Sobald sich die Mitspieler auf der Bühne befinden, unterliegen sie einem recht hohen Erwartungsdruck: Sie haben das Podium freiwillig betreten, wurden vielleicht von Freunden mitgezogen und möchten sich nun nicht lächerlich machen. Entsprechend versuchen sie, sich möglichst erwartungskonform zu verhalten. Gleichzeitig verstärkt der Showhypnotiseur ihre Kooperation, indem er das Publikum gezielt zum Beifall auffordert. Die Mitspieler werden somit sozial konditioniert weiter zu agieren. Und auch das Publikum applaudiert nach seiner Konditionierung bereits bei kleinen typischen Gesten des Showmanns. Derartige soziale Drucksituationen sind z. B. auch bei Fernsehinterviews und Talkshows zu beobachten, wenn Laien über ihre Probleme berichten sollen. Entsprechend „angeleitet“ erzählen sie Details aus ihrem Privatleben, die sie sonst nie äußern würden. Hier treffen jene Faktoren des Sozialdrucks zu, die bereits vom Sozialpsychologen Milgram (1963, 1966, 1974) anschaulich demonstriert wurden. Durch einfache Manipulationen bewirkte er in einem College Gruppendruck und erzeugte bei den Studenten Autoritätshörigkeit; schließlich waren sie sogar bereit, auf Anordnung Stromschläge zur Bestrafung zu verabreichen.

Das Bühnensetting

Meist ist die Bühne attraktiv und mit themenbezogenen Dekorationselementen ausgestaltet, so mit züngelnden Flammen oder bunten Flackerlichtern. Alles soll showmäßig-mystisch aussehen. Nach der Auswahl der Mitspieler ist der Zuschauerraum dunkel und auch die Bühne wird nur dezent-geheimnisvoll beleuchtet. Die Lautstärke der Musik ist so eingestellt, dass die Mitspieler den verstärkenden Zuschauerapplaus stets wahrnehmen können; das Publikum kann jedoch nicht hören, was ohne Mikrophon auf der Bühne gesprochen wird. So sind geheime Absprachen mit den Mitspielern möglich (Flüstertechnik). Die Musik muss, dem Geschmack der Jugend entsprechend, zeitgenössisch-modern sein. Aber auch ein rhythmisch-mystisches Element ist notwendig, damit die Erwartungshaltung verstärkt wird.

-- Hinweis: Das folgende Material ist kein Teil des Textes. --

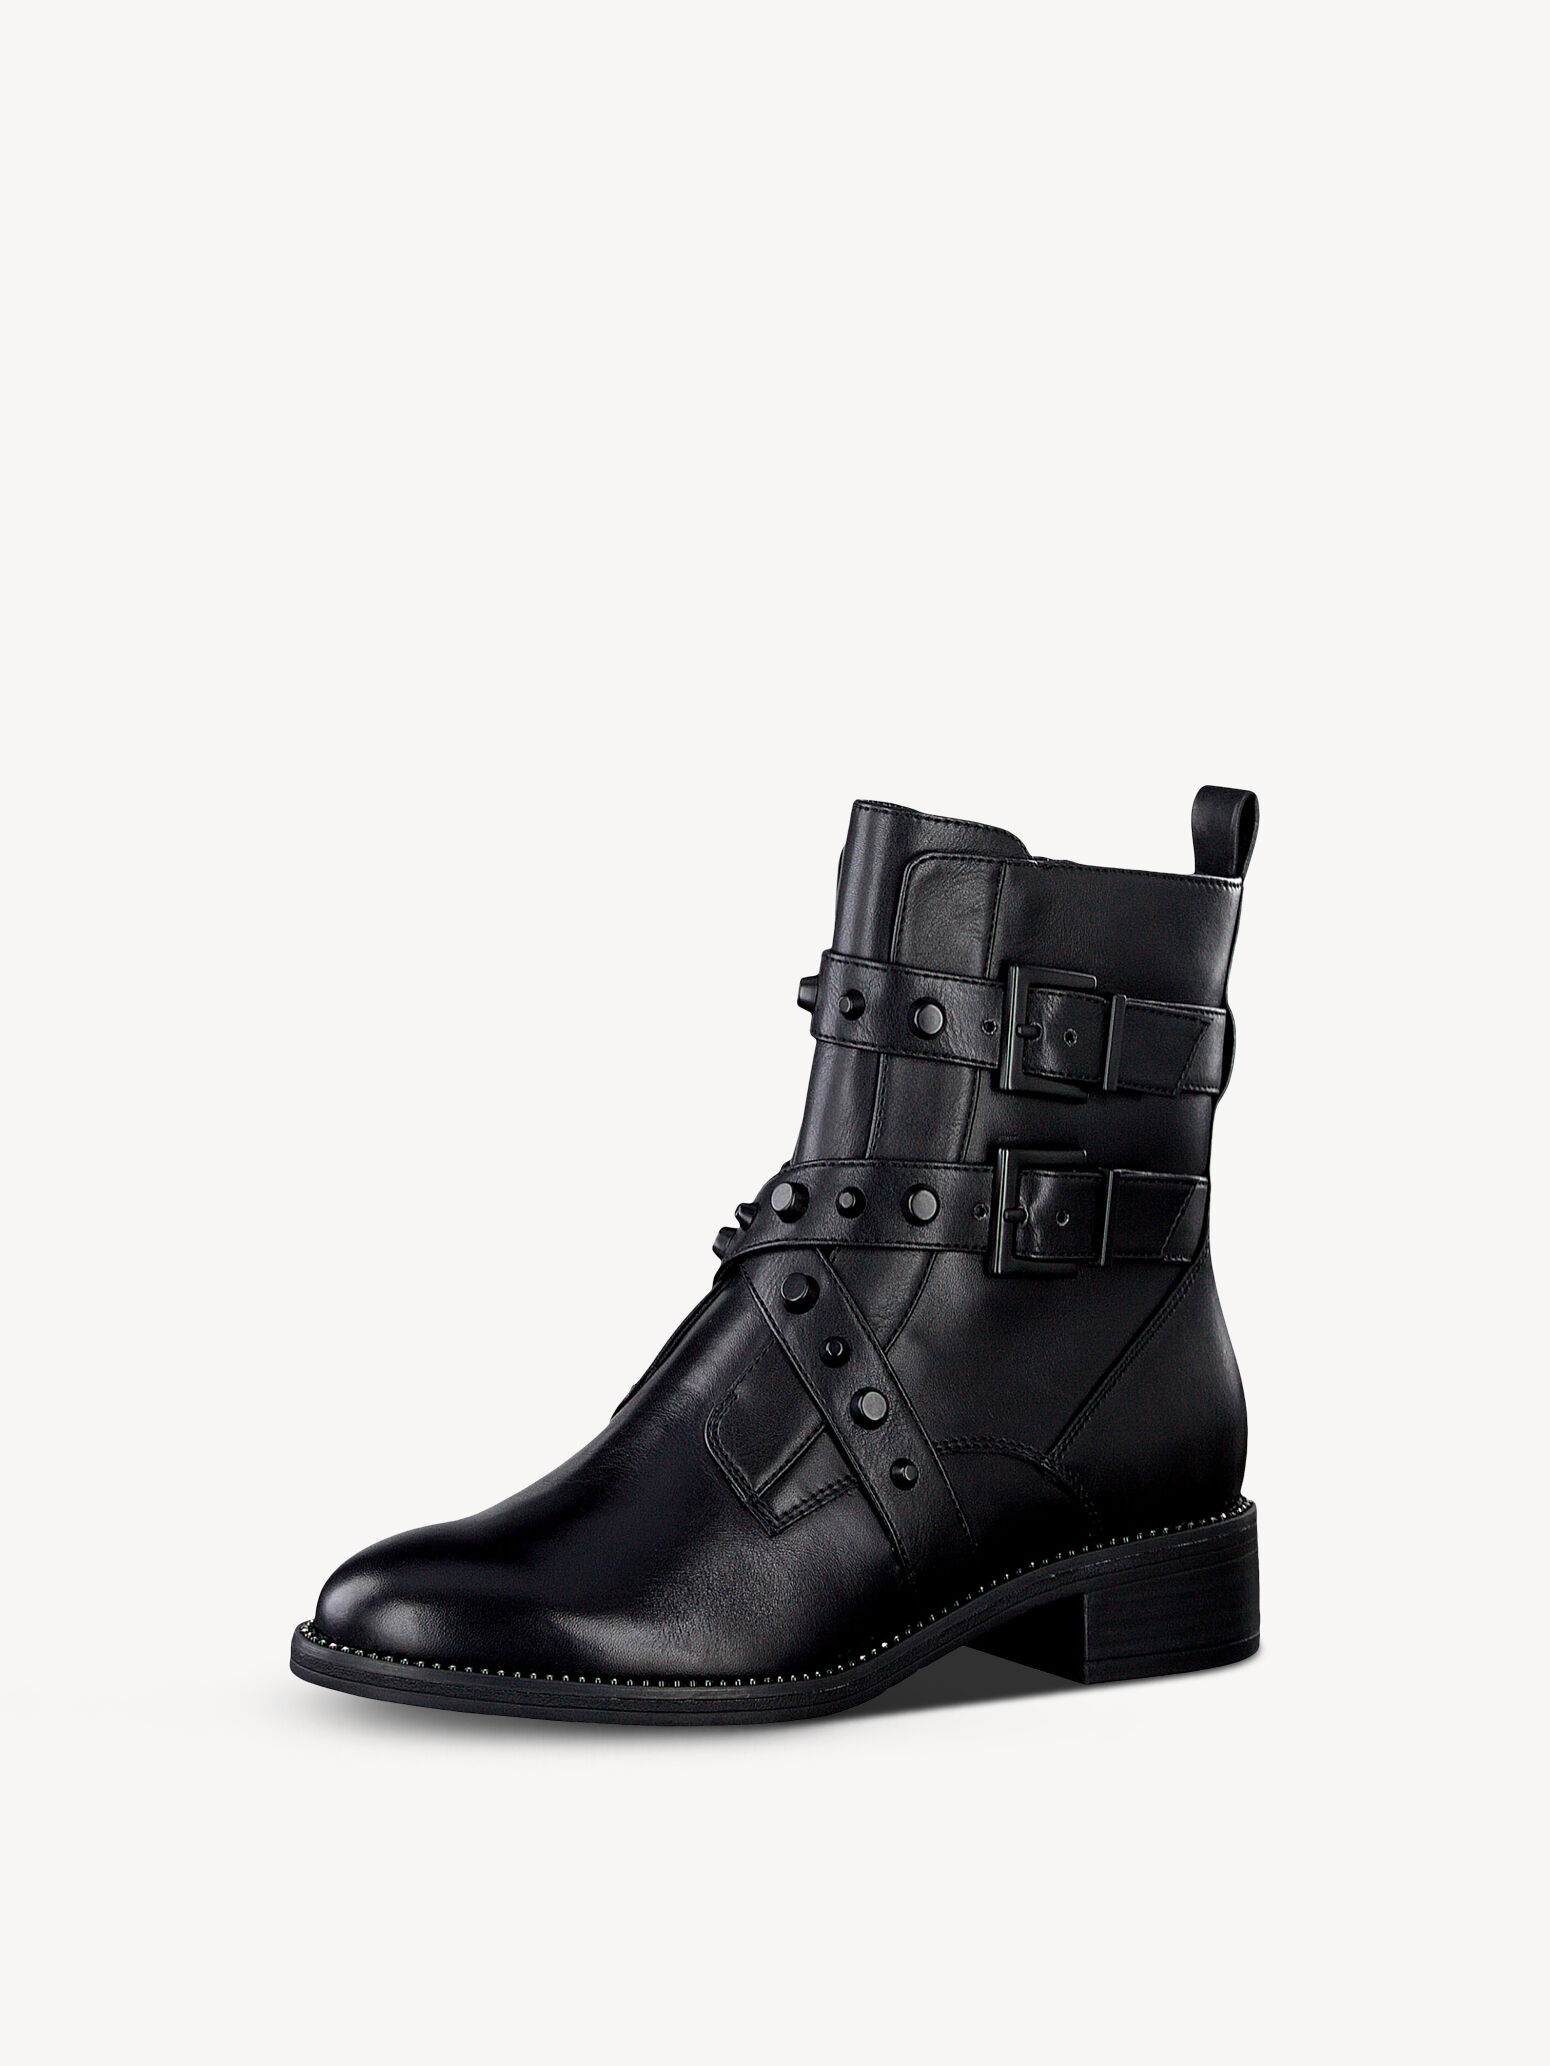 Tamaris Leather Boots (1 1 25048 23) black ab 69,95

Hier finden wir genau die Elemente wieder, die seit alters her eingesetzt werden und in vielen Kulturen auch heute zu finden sind: Reduktion von Licht, akustischen Informationen und Bewegungsmonotonie. Zahlreiche Experimente der Wahrnehmungsforschung beweisen, dass durch diese Wahrnehmungsdeprivation und soziale Isolierung die Empfänglichkeit für jede Information und Kooperation erhöht wird (Wickramasekera 1969, Barabasz 1982, Barabasz und Barabasz, 1989).

Einleitung der Bühnenhypnose

Sind die Mitspieler durch die Vorselektionen als hoch hypnotisierbar erkannt worden, erfolgen meist Informationen wie: „Nur besonders intelligente Menschen sind gut hypnotisierbar. Hypnotisierbarkeit ist eine bestimmte kreative Fähigkeit.“ Dies ist eine so genannte double bind suggestion, d. h. sie impliziert: „Wenn ich nicht mitspiele, meinen die Leute, ich sei dumm und unkreativ – also kooperiere ich.“ Gleiche Suggestionen sprechen die betrügerischen Weber im Märchen „Des Kaisers neue Kleider“ von Hans-Christian Andersen (1805–1875) aus, denn nur für den sind die Kleider unsichtbar, „der nicht für sein Amt tauge oder der unverzeihlich dumm sei“. Also kooperieren alle – nur nicht das naive Kind, das diesen moralischen Gruppendruck noch nicht kennt.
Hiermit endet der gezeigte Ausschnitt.